There is already a nice question about it in SO but the best answer is now 5years old, So I think there should be better option(s) in 2018.
I am currently looking for a feature engineering pipeline for larger than memory dataset (using suitable dtypes).
The initial file is a csv that doesn't fit in memory. Here are my needs:
- Create features (mainly using groupby operations on multiple columns.)
- Merge the new feature to the previous data (on disk because it doesn't fit in memory)
- Use a subset (or all) columns/index for some ML applications
- Repeat 1/2/3 (This is an iterative process like day1: create 4 features, day2: create 4 more ...)
Attempt with parquet and dask:
First, I splitted the big csv file in multiple small "parquet" files. With this, dask is very efficient for the calculation of new features but then, I need to merge them to the initial dataset and atm, we cannot add new columns to parquet files. Reading the csv by chunk, merging and resaving to multiple parquet files is too time consuming as feature engineering is an iterative process in this project.
Attempt with HDF and dask:
I then turned to HDF because we can add columns and also use special queries and it is still a binary file storage.
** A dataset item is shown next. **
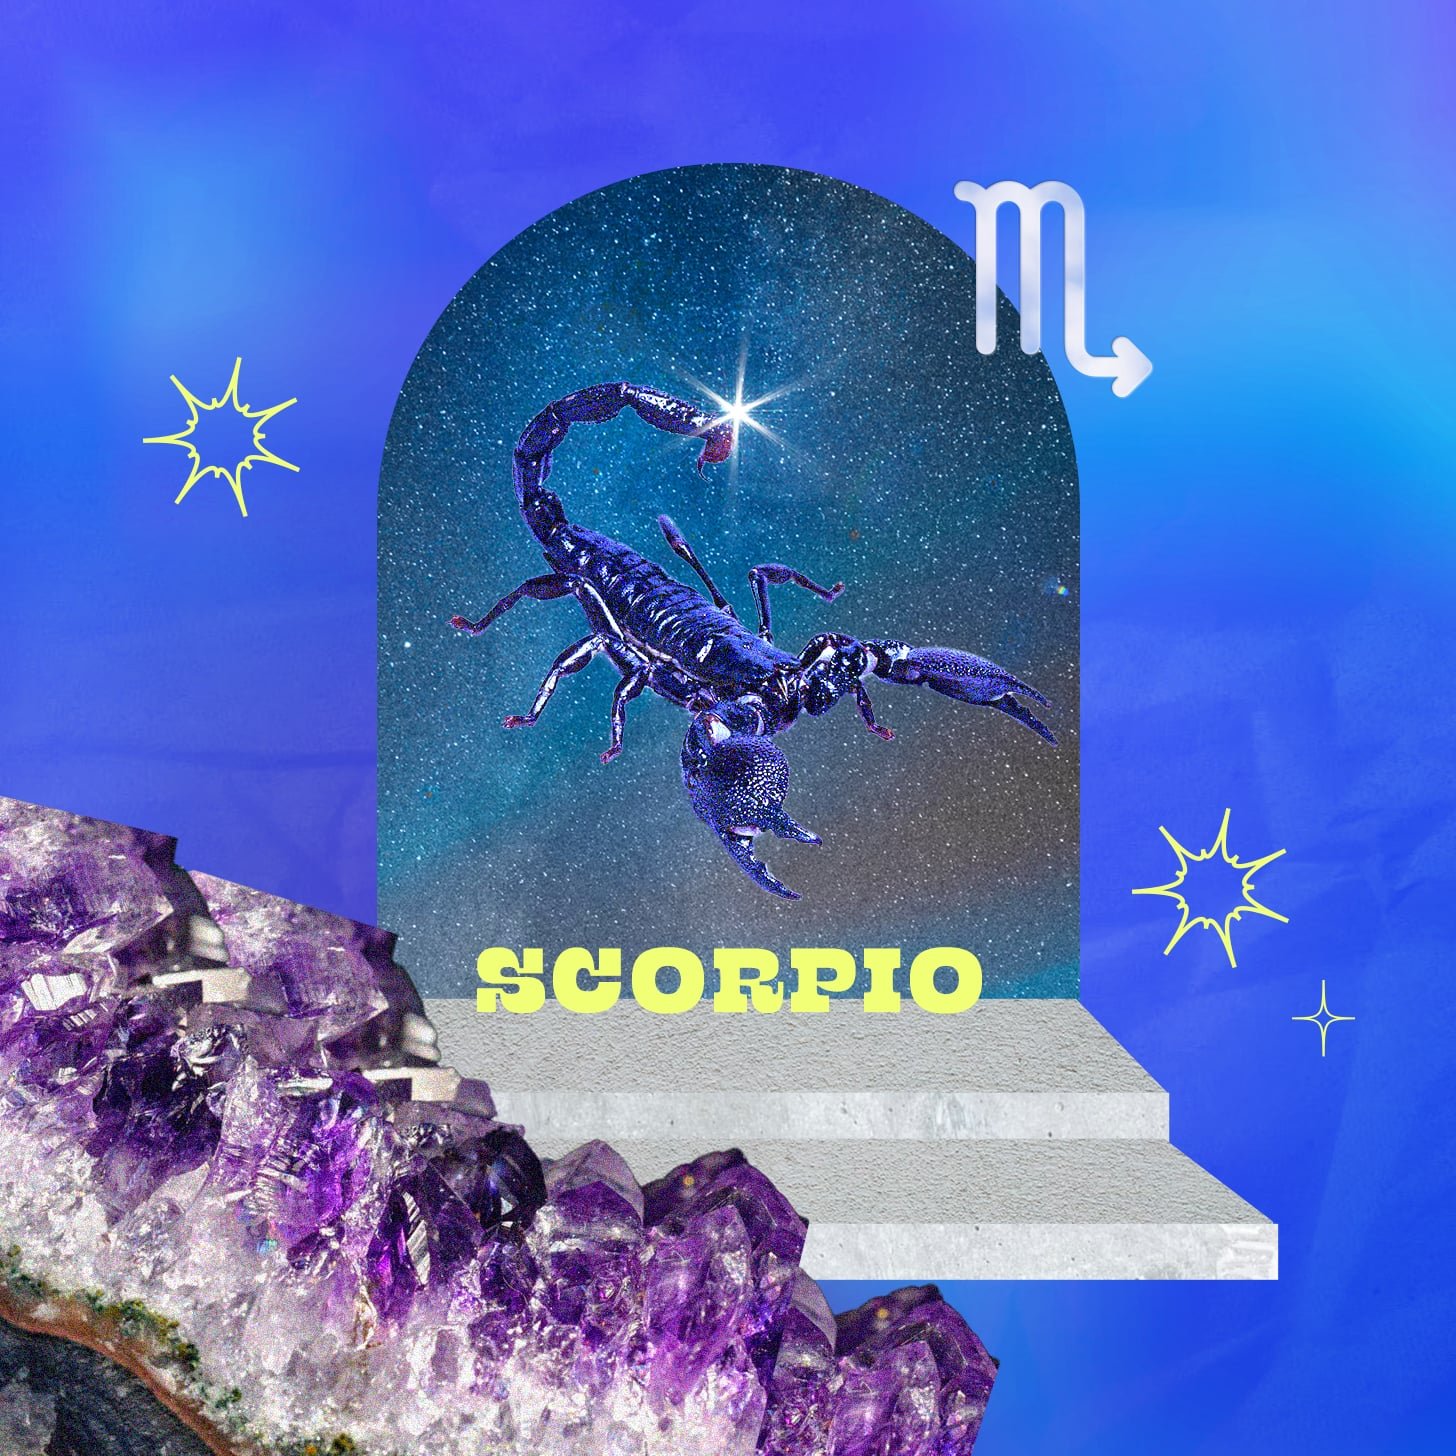 Scorpio weekly horoscope for December 11, 2022

Once again I splitted the big csv file to multiple HDF with the same key='base' for the base features, in order to use the concurrent writing with DASK (not allowed by HDF).
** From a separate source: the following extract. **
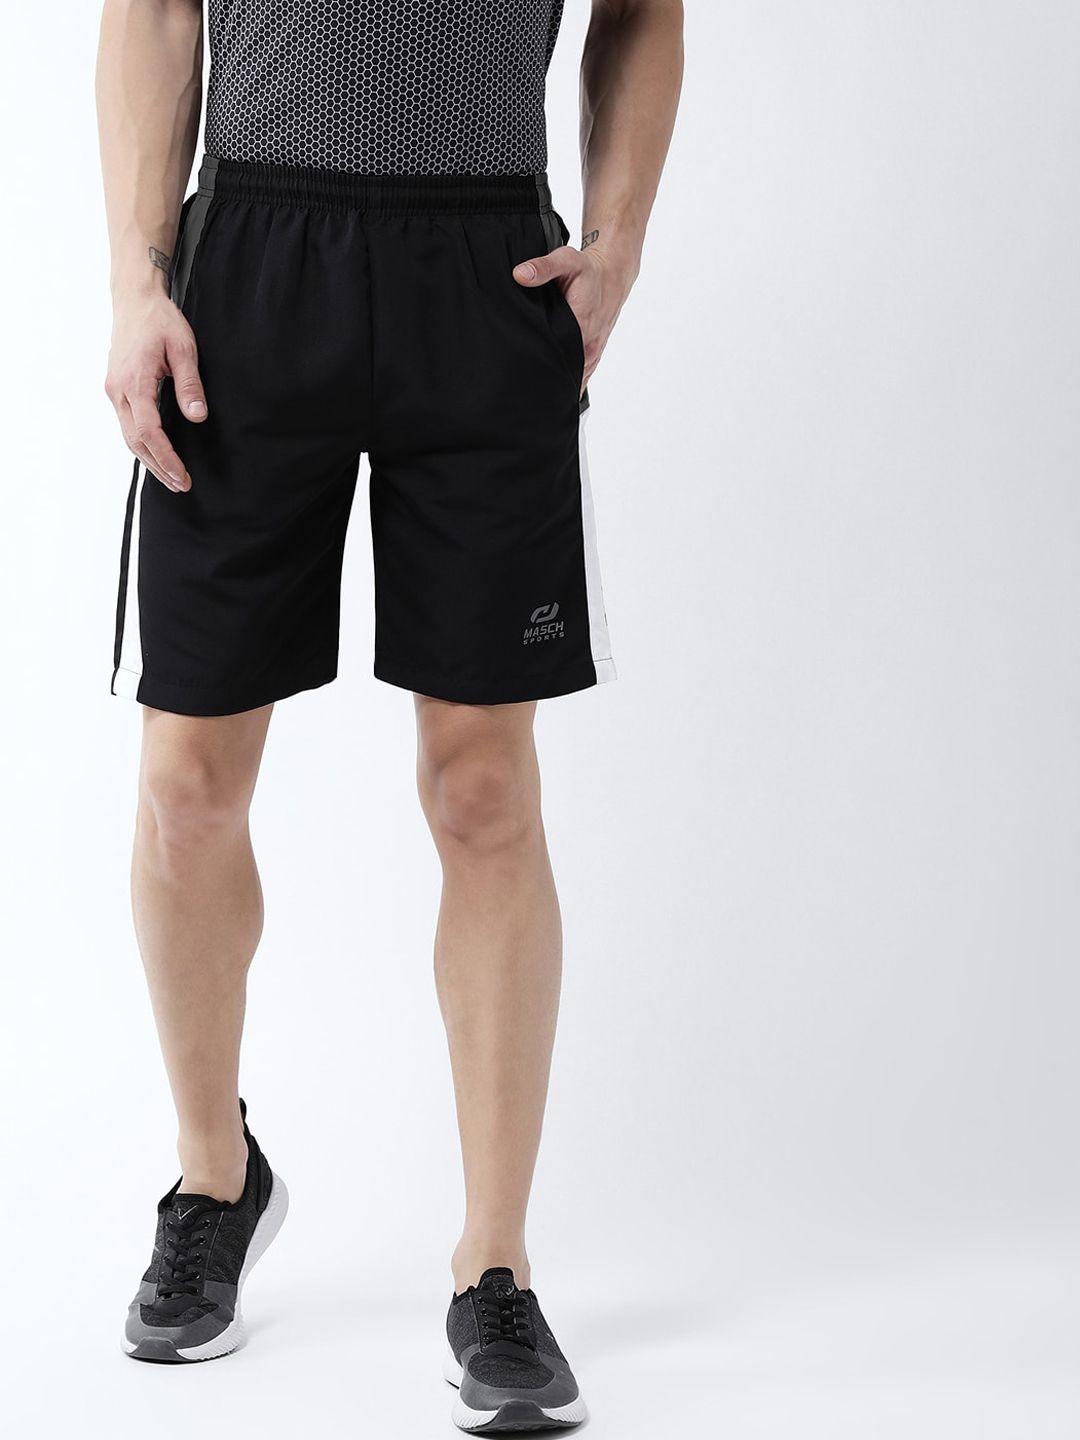 masch-sports-men-black-training-or-gym-dri-fit-sports-shorts

data = data.repartition(npartitions=10) # otherwise it was saving 8Mo files using to_hdf
data.to_hdf('./hdf/data-*.hdf', key='base', format='table', data_columns=['day'], get=dask.threaded.get)
(Annex quetion: specifying data_columns seems useless for dask as there is no "where" in dask.read_hdf?)
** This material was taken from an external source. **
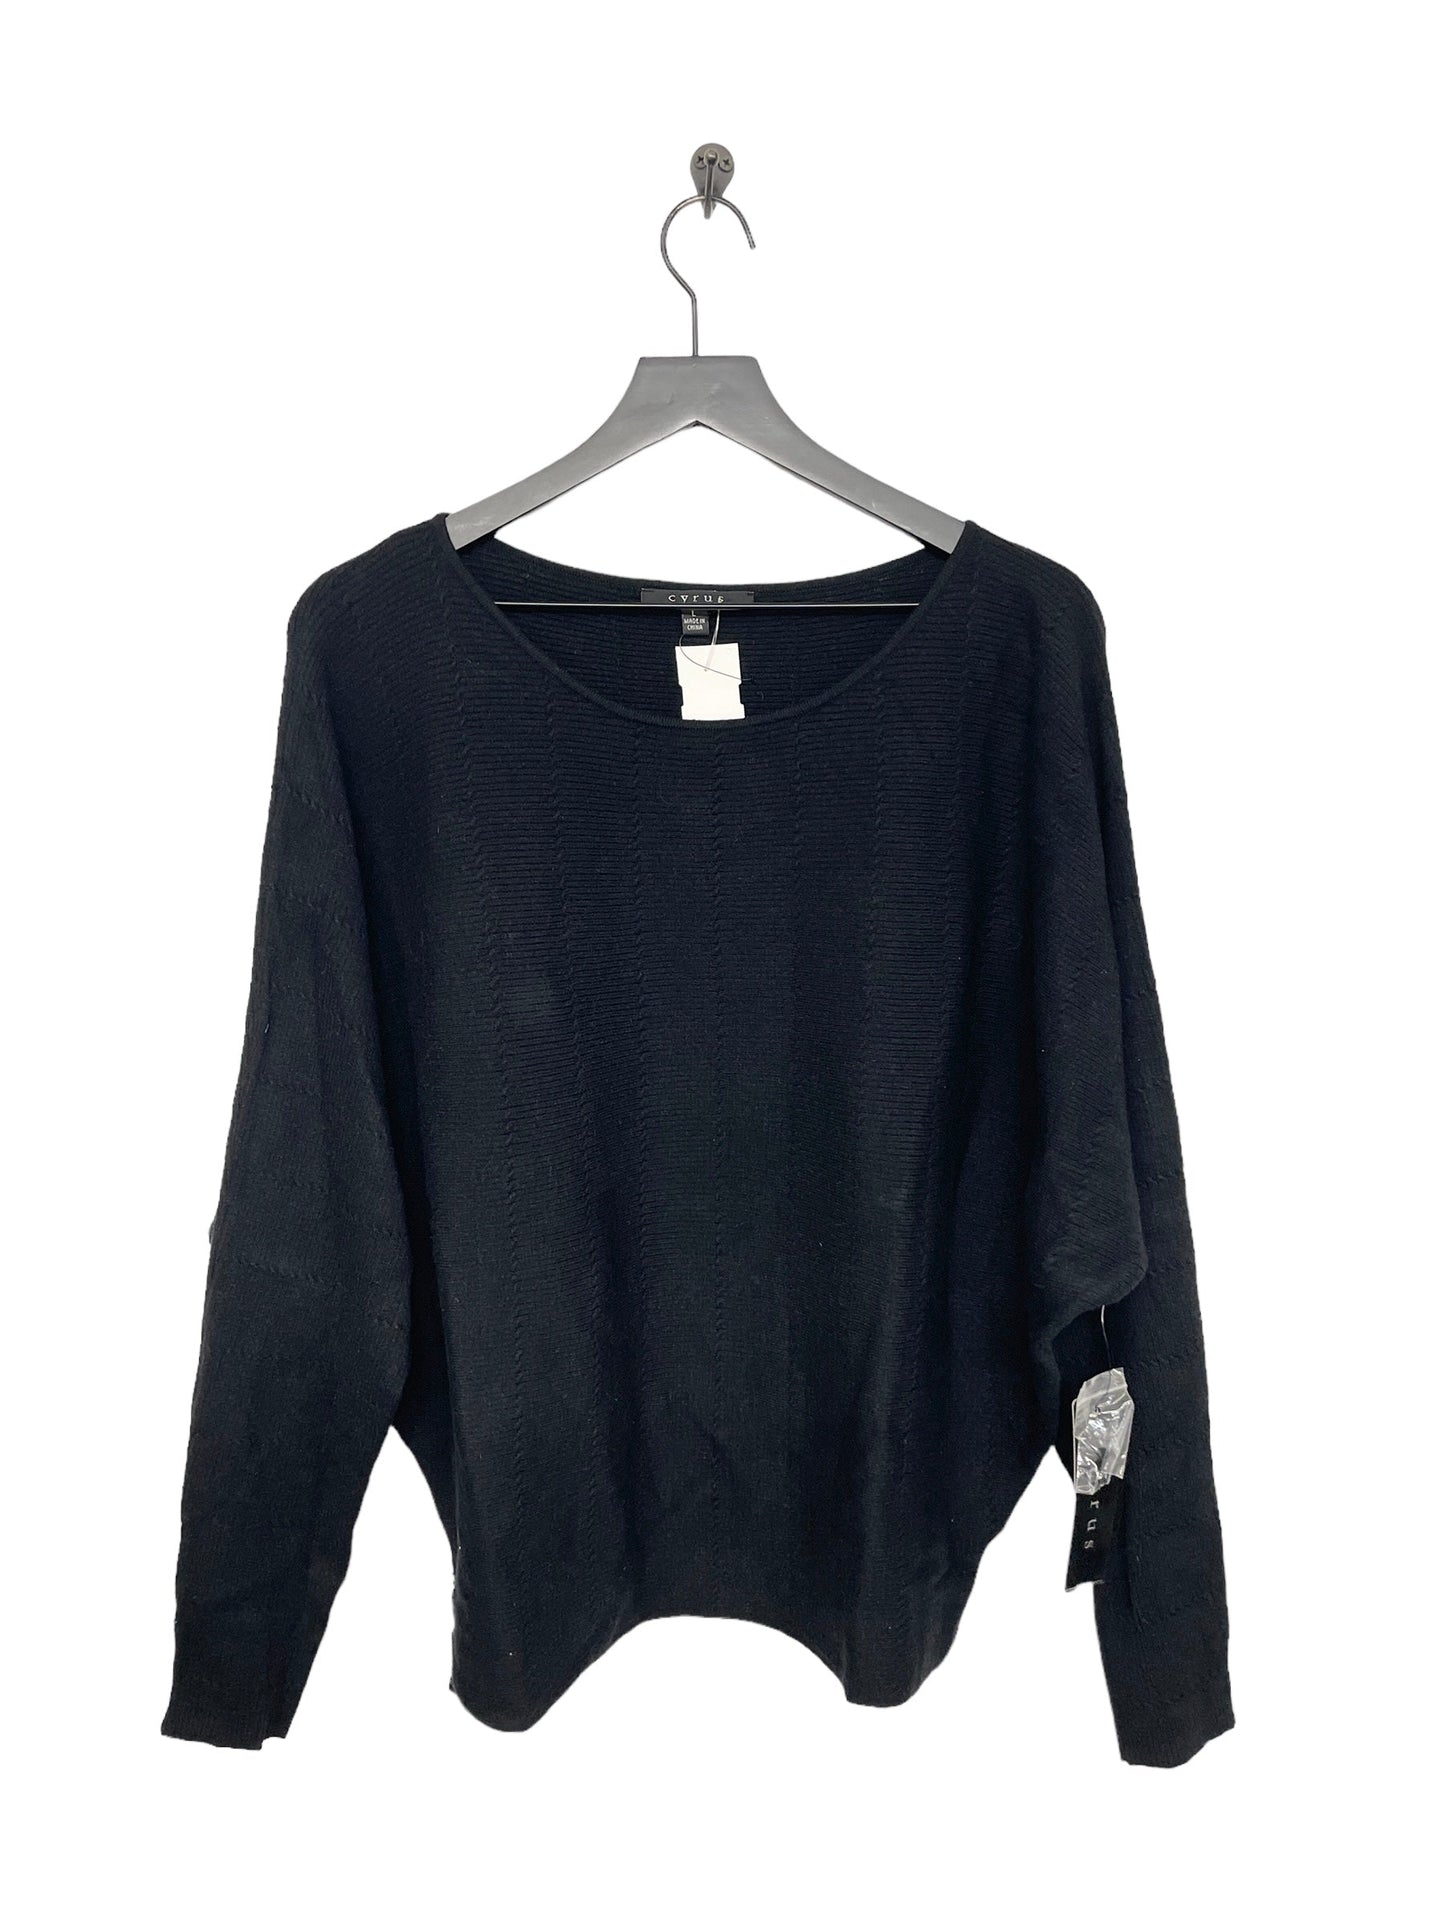 Black Sweater Cyrus Knits, Size L

Unlike what I expected, I am not able to merge the new feature to the multiples small files with code like this:
data = dd.read_hdf('./hdf/data-*.hdf', key='base')
data['day_pow2'] = data['day']**2
data['day_pow2'].to_hdf('./hdf/data-*.hdf', key='added', get=dask.threaded.get)
with dask.threaded I get "python stopped working" after 2%. With dask.multiprocessing.get it takes forever and create new files
What are the most appropriated tools (storage and processing) for this workflow?